Published measurements of osmotic pressure Π as a function of lattice spacing in skinned relaxed frog fibers, and fitted curves obtained with the extended electrostatic model (solid lines), using parameter values listed in Table 1. (Dashed lines) Radial stiffness derived from these fits via Eqs. 13 and 14. The values of do are the predicted equilibrium spacings at Π = 0. (A) Data of Umazume and Kasuga (16), assuming an ionic strength I of 0.14 M and a half-sarcomere length L = 1350 nm. (B) Data of Maughan and Godt (17) with I = 0.13 M and L = 1270 nm. (C) Data of Millman and Irving (7) with I = 0.11 M and L = 1300 nm, which show that a pressure bump must exist at a critical spacing dc that lies between 26.8 nm and the zero-pressure spacing (≈28 nm). All fits were made with dc = 26.8 nm. In panels B and C, data at higher osmotic pressures did not allow the same goodness of fit and were discarded.

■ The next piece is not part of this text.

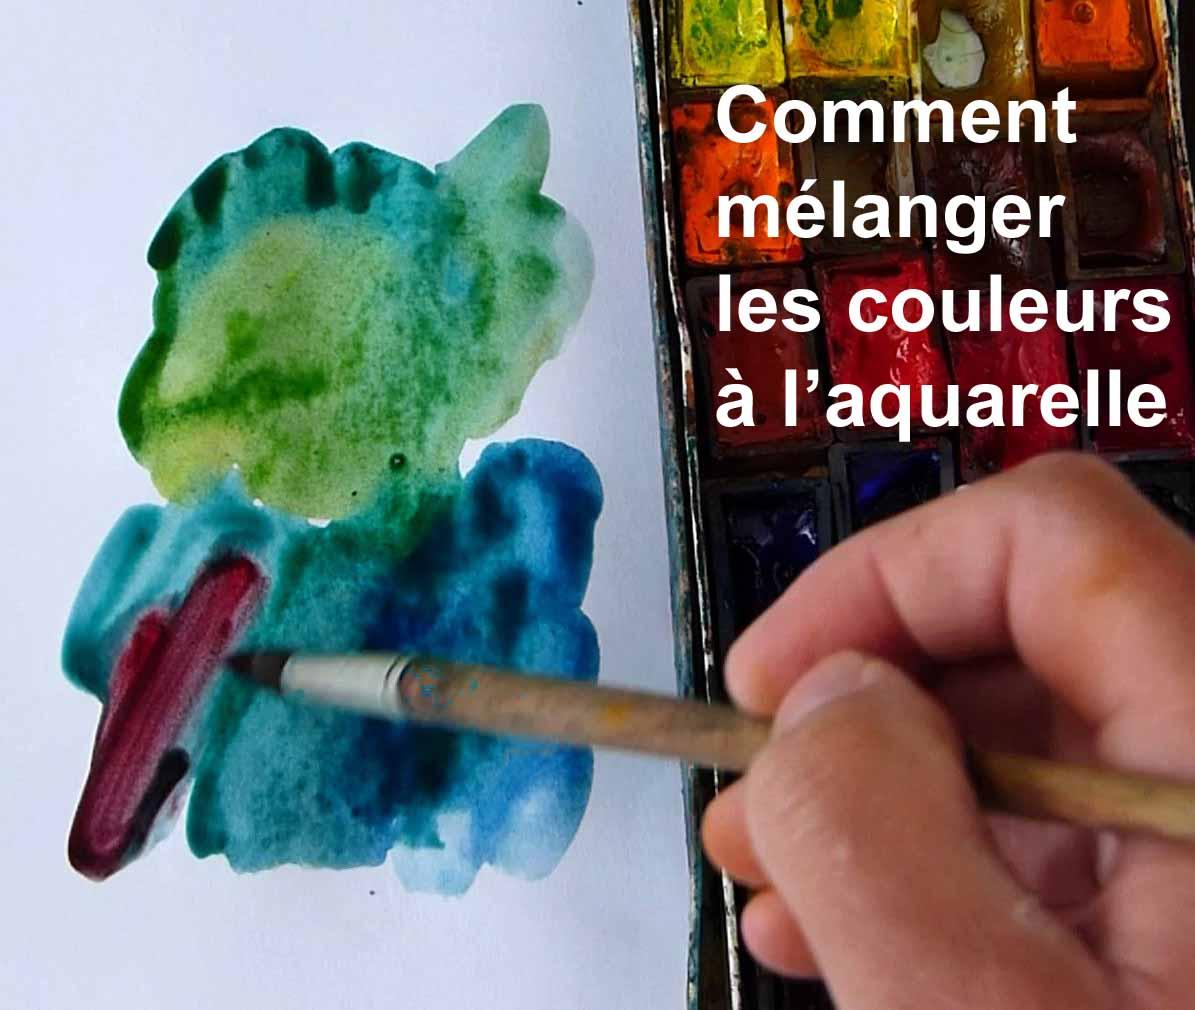 Comment mélanger les couleurs à l'aquarelle
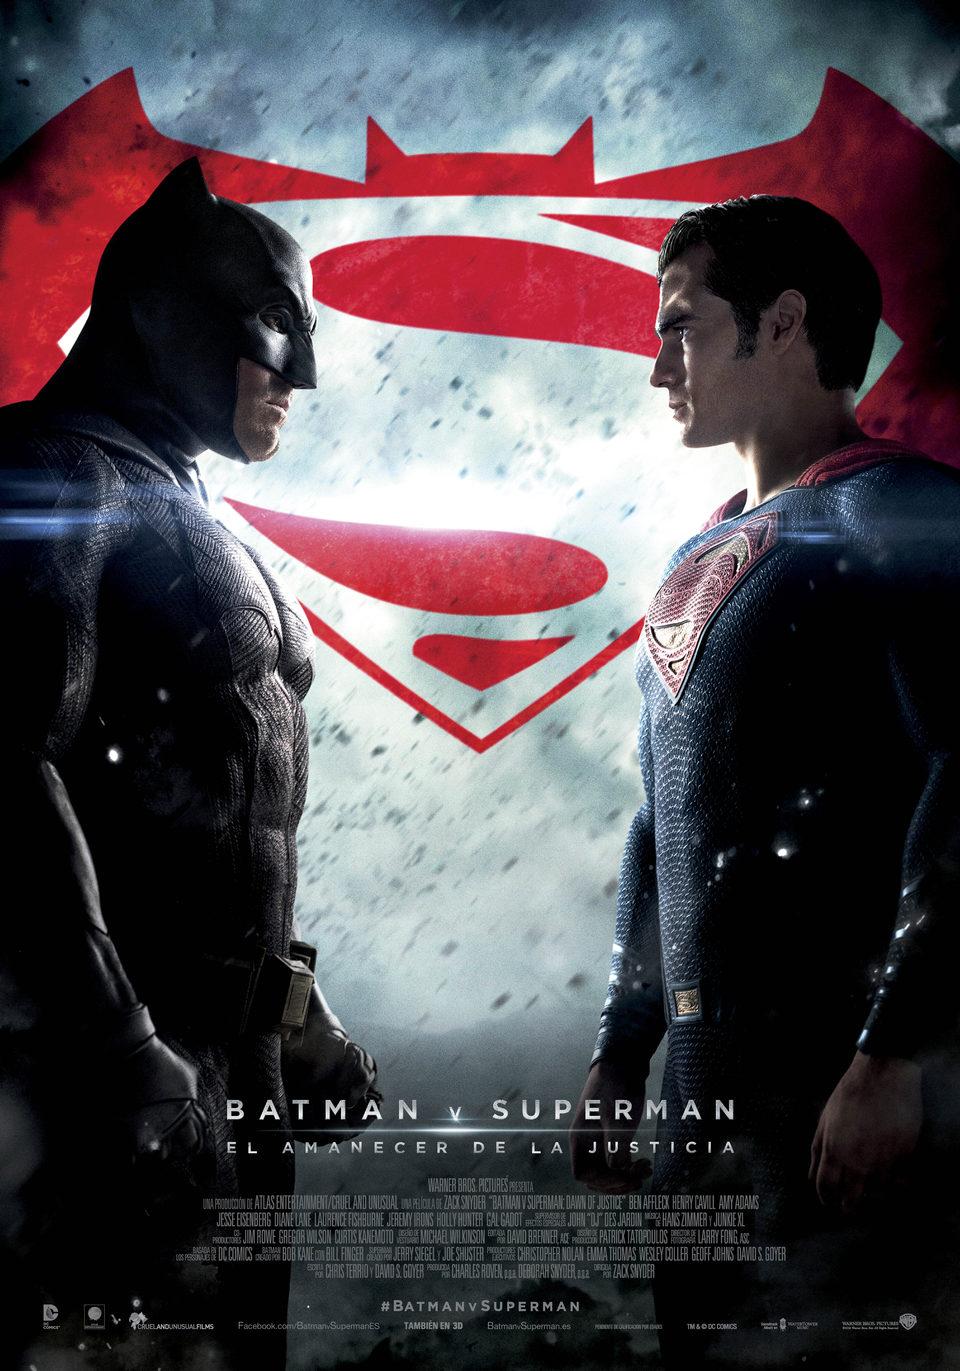 Cartel España Oficial de 'Batman v Superman: El amanecer de la Justicia'

(A) Predicted lattice spacings as a function of ionic strength and filament charge density, starting from parameter values in the second column of Table 1. The five curves show the effects of multiplying the three charge densities by the same factor f, where f = 0.25, 0.5, 1, 2, and 4 from the lowest curve to the highest. At high ionic strength, the spacings generally stabilize at the critical value dc = 26.8 nm, where myosin heads just touch the actin filament. However, the smallest filament charges (f = 0.25) are insufficient to stabilize the lattice above 0.19 M. (B) The effect of pH changes, as calculated from the second column of Table 1 with a proton affinity of 104.5 M−1. For each type of filament, the number of proton binding sites was determined from isoelectric points of myosin and actin (see main text). As negative charges on filaments are neutralized by lowering the pH, the lattice spacing drops slowly and then rapidly toward the critical spacing of 26.8 nm.

(A) Lattice spacing as a function of half-sarcomere length L, showing data of Matsubara and Elliott (24) for relaxed skinned frog fibers at 0.16 M, and the prediction of the extended model with the parameters of the fifth column in Table 1. (Inset) Behavior near zero filament overlap at 1800 nm; the critical spacing becomes unstable and the equilibrium spacing decreases sharply to 17.5 nm, stabilized only by myosin-myosin and actin-actin interactions. (B) Binding energy per unit cell of the half-sarcomere, showing the total energy (solid line), the actin-myosin contribution (long-dashed line), the actin-actin contribution (medium dash), and the myosin-myosin contribution (short dash). The actin-myosin energy is strictly proportional to filament overlap length, whereas the relative proportions of A-M, A-S1, and M-S1 contributions (Fig. 2B) remain unchanged. Homo-filament energies are independent of the amount of overlap.